Today, there's not much to visit. In 1991, shortly after the first Persian Gulf war ended, Saddam Hussein's government, angered by Marsh Arab participation in the southern uprising against his rule, launched an assault on the southern wetlands and the nearly 300,000 Marsh Arabs, known as Ma'adan, who call the region home. The assault included burning villages, summary executions and "disappearances," and a multi-year, sophisticated campaign of water diversion and marsh drainage that has reduced roughly 93 percent of the marshes to dry, salt-encrusted wasteland.
Extensive damming by Turkey and Syria beginning in the 1950s in the upper Tigris-Euphrates river basin also negatively impacted the marshlands, but the majority of the destruction of the teeming Iraqi wetlands that are larger than Florida's Everglades began with Saddam Hussein's campaign.

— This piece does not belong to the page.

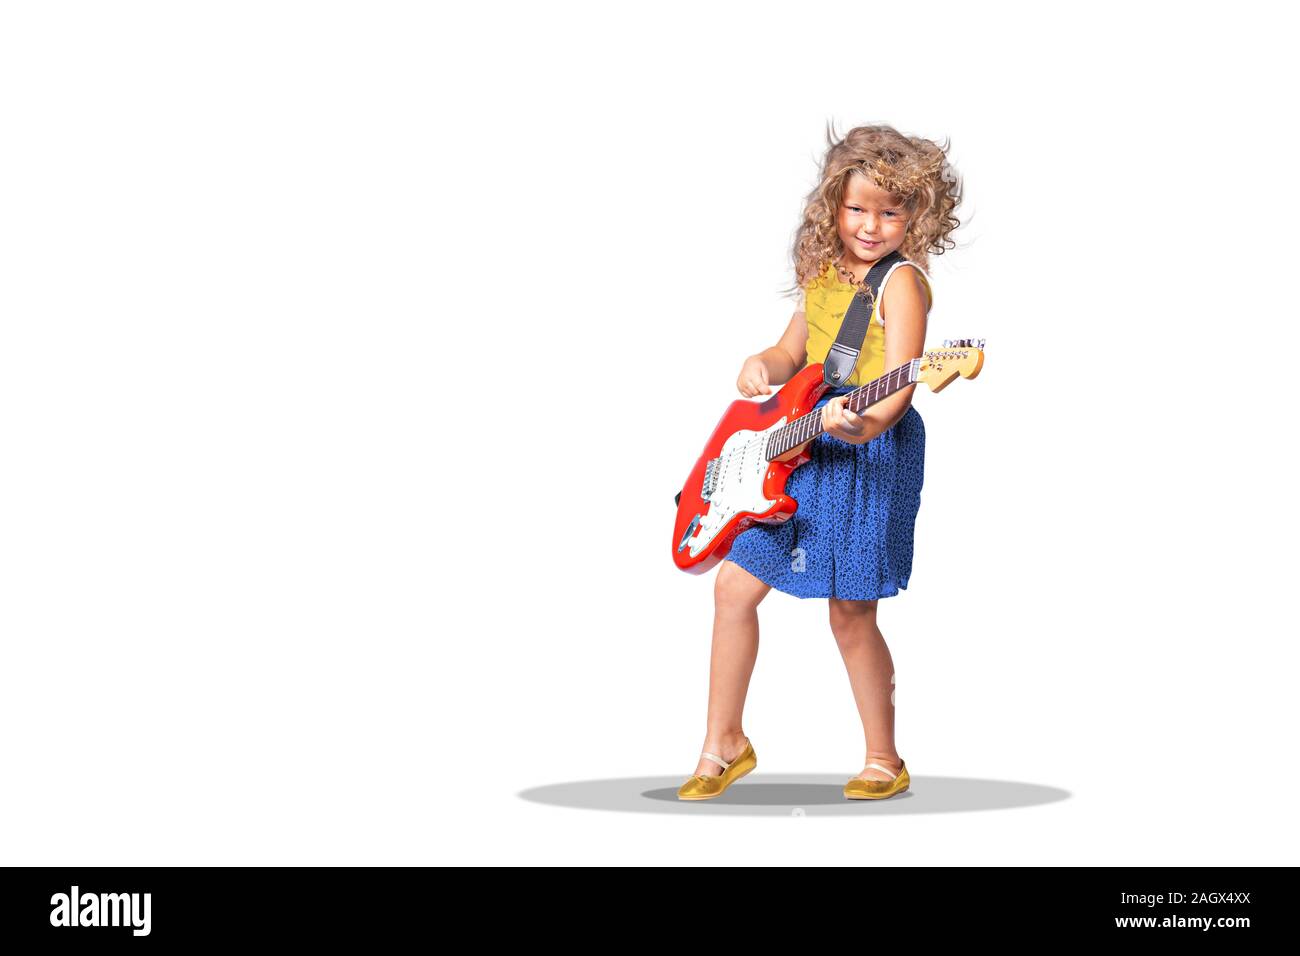 portrait of little girl with a guitar on the stage Stock Photo

Human Rights Watch called the campaign "a crime against humanity." Baroness Nicholson of Winterbourne, president of an aid organization devoted to helping Iraq's Marsh Arabs, called it "the deliberate extinction of one of the oldest races in the world."
In response to the horrific evidence of what he calls "the destructive sophistication" wielded by Hussein's engineers, Alwash, a civil engineer who earned his doctorate from the University of Southern California, and his wife Suzie, a geology professor at El Camino College, decided to do something about it.

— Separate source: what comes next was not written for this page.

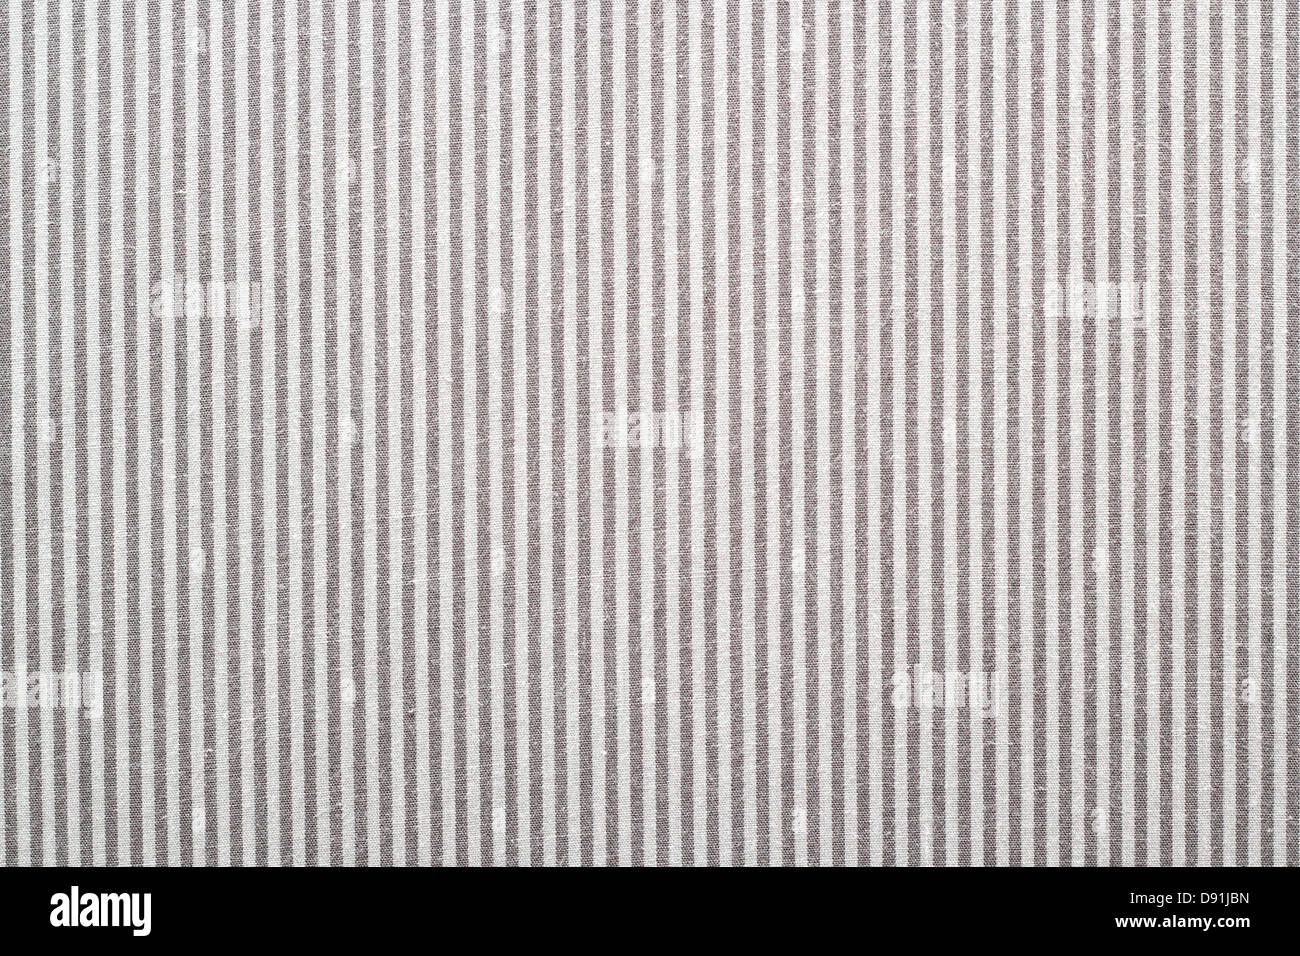 textured shirt material - fabric with gray and white parallel stripes Stock Photo

They began searching for any data they could find on river flows, previous wetland reclamations, the specifics of Saddam Hussein's drainage methods, even poring over dusty dissertations in the libraries at the University of California, Los Angeles. They also picked the brain of Alwash's father, an Iraqi irrigation engineer, who immigrated to the United States after the first Persian Gulf war.
In 2002, they formed the Eden Again project, assembling a cast of international scientists, engineers, anthropologists, and hydrologists to develop a plan to restore the marshes.
The group is "not seeking to do the restoration ourselves," said Suzie Alwash. "This must be done by the people of the region. We hope that our group can provide some scientific support and a forum for stakeholder discussions. It is critical that all stakeholders, especially the Marsh Arabs themselves, are intimately involved."
The group issued its preliminary report April 29 in Washington, D.C.
Garden of Eden
The Mesopotamian Marshlands are an integral part of the Tigris-Euphrates river basin shared by Iran, Iraq, Syria, and Turkey. Some Biblical scholars believe the region to be the site on which ancient stories of the Garden of Eden and the Great Flood are based. Up until a dozen years ago, the Ma'adan led a life characterized by fishing, farming, weaving, hunting, and grazing water buffalo, a life not entirely unrecognizable to their Babylonian and Sumerian ancestors 5,000 years ago.